林默没有回答,只是端起酒杯抿了一口。辛辣过后,是一股清凉直冲脑门,那些白天在办公室面对报表和上司时积累的疲惫与焦虑,瞬间消散了不少。他看着杯中晃动的倒影,思绪不禁飘回到了那个雨夜。三年前,他因为一次意外闯入禁区,被一只千年树妖盯上。就在他以为自己命不久矣时,是“妖妖小精吧”的主人,那位神秘莫测的“掌柜”,出手救了他。作为代价,林默成了这里的常客,并签下了一份隐形的契约:每逢月圆之夜,必须前来报到,为酒吧提供一份特殊的“情绪能量”。
“听说最近城里不太平,”阿九一边擦拭着酒杯,一边漫不经心地说道,“有几个新来的小妖不懂规矩,在闹市里显露真身,惹了不少麻烦。警察那边虽然觉得不可思议,但民间的流言蜚语已经传开了。”
林默眉头微皱,放下酒杯:“掌柜的不管吗?”
“掌柜的说了,只要不闹到血洗街道,就不关我们的事。”阿九耸耸肩,眼中闪过一丝狡黠,“不过,我倒是挺好奇,你那个在人类社会里活得像苦行僧一样的女朋友,知道你现在每天晚上都躲在这种地方喝特调吗?”
林默的脸色瞬间沉了下来。苏婉,他的女朋友,一个温柔善良的大学讲师,坚信世界是光明正大的。如果她知道林默身边围绕着各种奇形怪状的生物,恐怕会吓得立刻提出分手。这正是林默最大的痛苦来源。他渴望正常的生活,却又无法摆脱妖界的纠葛。
“她是个好人,不该被卷入这些。”林默低声说道,语气中带着一丝无奈。
就在这时,酒吧的门再次被推开。这次没有风铃声,因为进来的人身上带着一种令人窒息的压迫感。一个穿着黑色风衣的男人走了进来,他的脚步很轻,但每一步都像是踩在人的心尖上。酒吧里的其他客人都下意识地低下了头,连阿九也停下了手中的动作,神色变得严肃起来。
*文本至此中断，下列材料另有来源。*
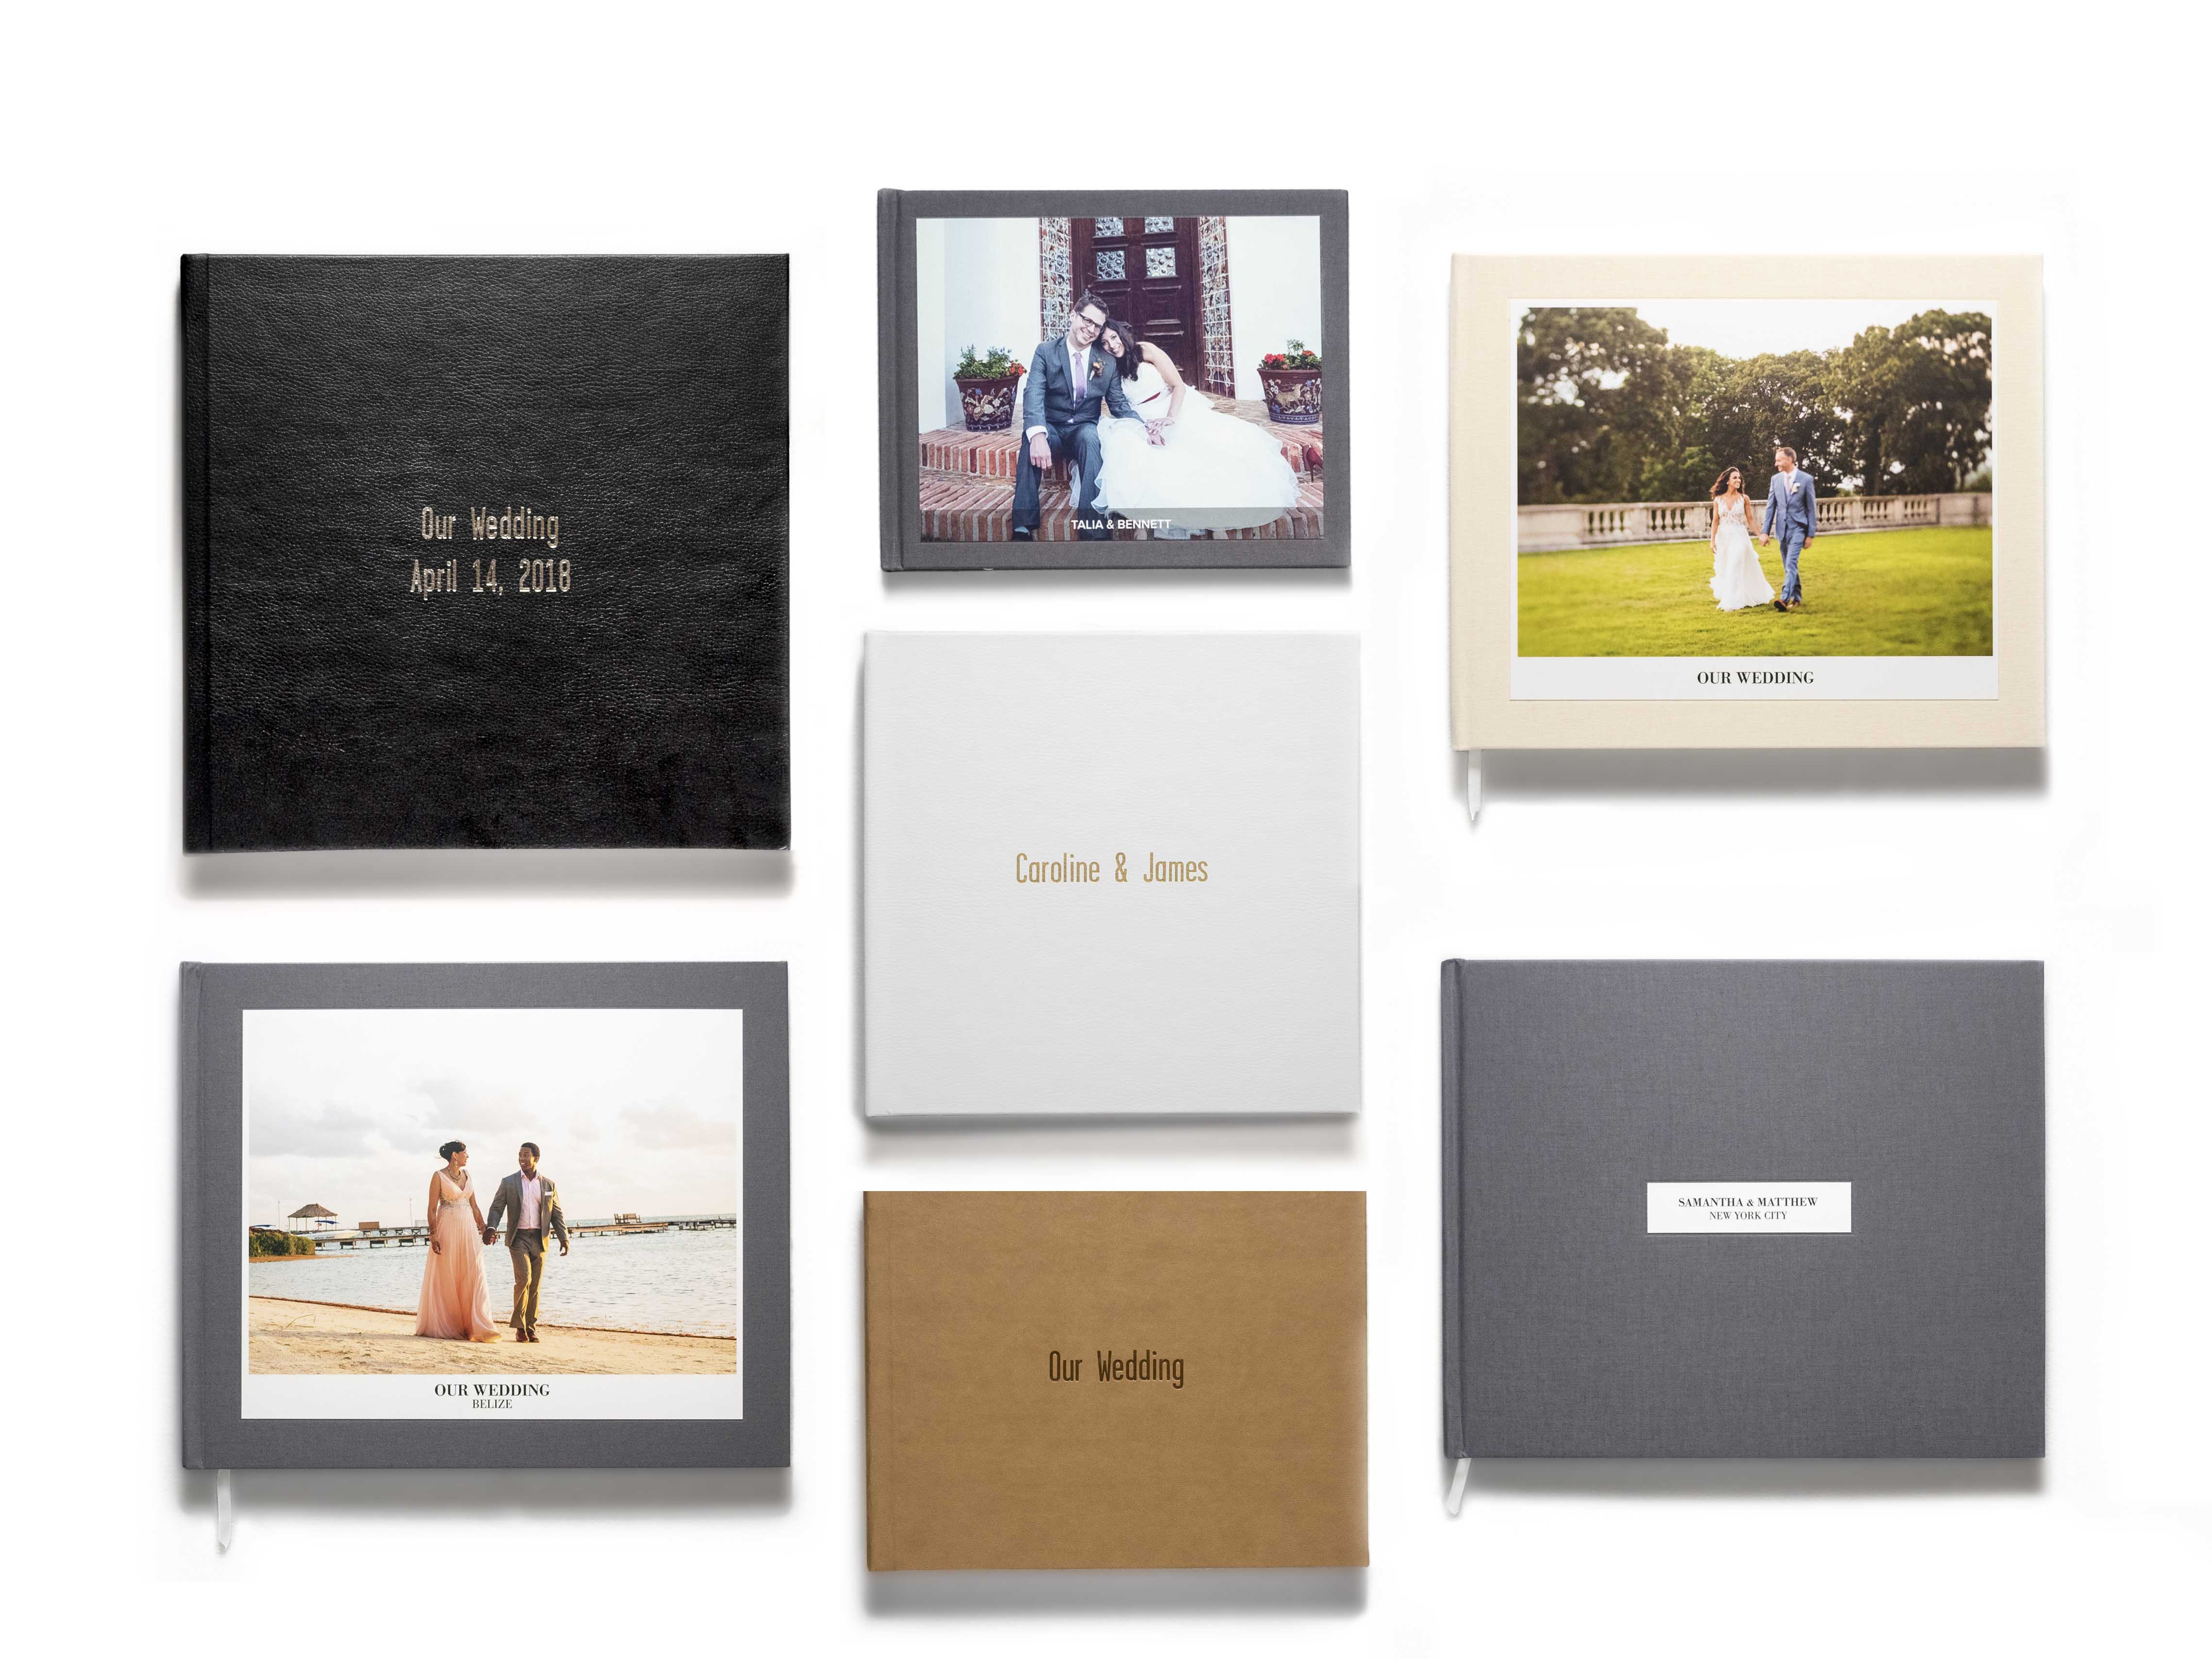 Five Things to Know Before Making Your Wedding Album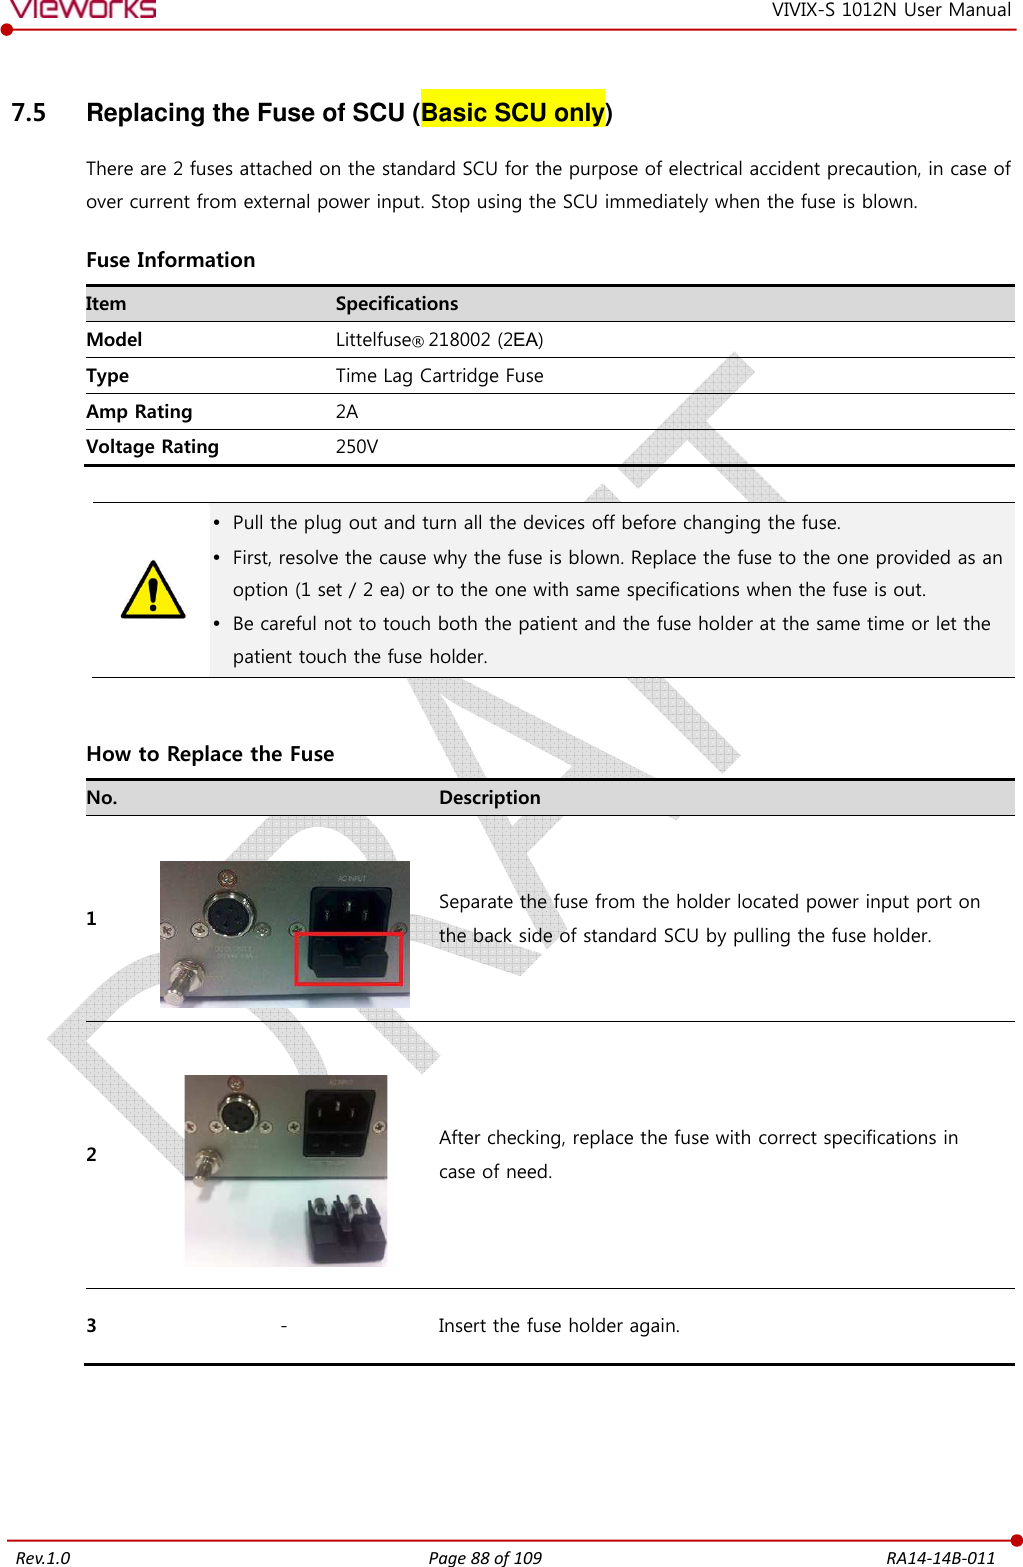   Rev.1.0 Page 88 of 109  RA14-14B-011 VIVIX-S 1012N User Manual 7.5  Replacing the Fuse of SCU (Basic SCU only) There are 2 fuses attached on the standard SCU for the purpose of electrical accident precaution, in case of over current from external power input. Stop using the SCU immediately when the fuse is blown.  Fuse Information Item  Specifications Model  Littelfuse® 218002 (2EA) Type  Time Lag Cartridge Fuse Amp Rating  2A Voltage Rating  250V    Pull the plug out and turn all the devices off before changing the fuse.  First, resolve the cause why the fuse is blown. Replace the fuse to the one provided as an option (1 set / 2 ea) or to the one with same specifications when the fuse is out.  Be careful not to touch both the patient and the fuse holder at the same time or let the patient touch the fuse holder.   How to Replace the Fuse No.   Description 1   Separate the fuse from the holder located power input port on   the back side of standard SCU by pulling the fuse holder. 2   After checking, replace the fuse with correct specifications in   case of need. 3  -  Insert the fuse holder again.

林默认出了这个男人。那是城里的地下情报贩子,代号“夜枭”,据说他贩卖的信息无孔不入,甚至连妖界的秘密也能搞到。
夜枭径直走到吧台前,目光冷冷地扫过林默,最后落在阿九身上。“我要一份‘清心’,还有,关于‘血月计划’的情报。”
阿九的脸色微微一变,但很快恢复平静。“夜枭,你知道规矩。‘血月计划’是禁忌话题,酒吧里不卖这种惹祸的东西。”
“规矩是死的,人是活的。”夜枭从口袋里掏出一枚散发着幽蓝光芒的石头,轻轻放在吧台上,“这是来自东方的‘寒魄石’,价值不菲。我要的是情报,不是你的原则。”
林默看着那枚石头,心中涌起一股不祥的预感。寒魄石是极阴之物,通常用于修炼邪术或封印强大的妖兽。难道最近的不太平,与这石头有关?
阿九盯着那枚石头,沉默了片刻,最终叹了口气。“情报可以给你,但有个条件。”
“说。”
“林默必须离开这里。”阿九看向林默,眼神中带着警告,“今晚,酒吧里会发生一些事情,你不该卷入其中。”
林默愣了一下,随即站起身来。“为什么?”
夜枭冷笑一声:“因为今晚是血月的前奏,而你的血,似乎对某些东西有着特殊的吸引力。别问为什么,你只需要知道,离开,是你目前最好的选择。”
林默感到一阵寒意从脊梁骨升起。他看向阿九,希望得到解释,但阿九只是避开了他的目光,继续擦拭着那个永远擦不完的酒杯。
就在这时,酒吧内的灯光突然闪烁了几下,随即全部熄灭。黑暗中,一股腥甜的气息弥漫开来,伴随着低沉的嘶吼声,仿佛有什么东西从虚空中降临。
“该死,还是来了。”阿九骂了一句,手中的抹布瞬间变成了一把锋利的匕首,“林默,跑!别回头!”
林默还没来得及反应,就被一股巨大的力量推向了门口。他踉跄着冲出酒吧,回头望去,只见原本温馨的酒吧此刻已变得面目全非,黑影幢幢,妖气冲天。
雨越下越大,打在脸上生疼。林默站在街头,看着那扇紧闭的木门,心中充满了恐惧与迷茫。他以为自己能掌控自己的生活,却没想到,在妖界与人类的夹缝中,他不过是一枚随时可能被牺牲的棋子。
而真正的风暴,才刚刚开始。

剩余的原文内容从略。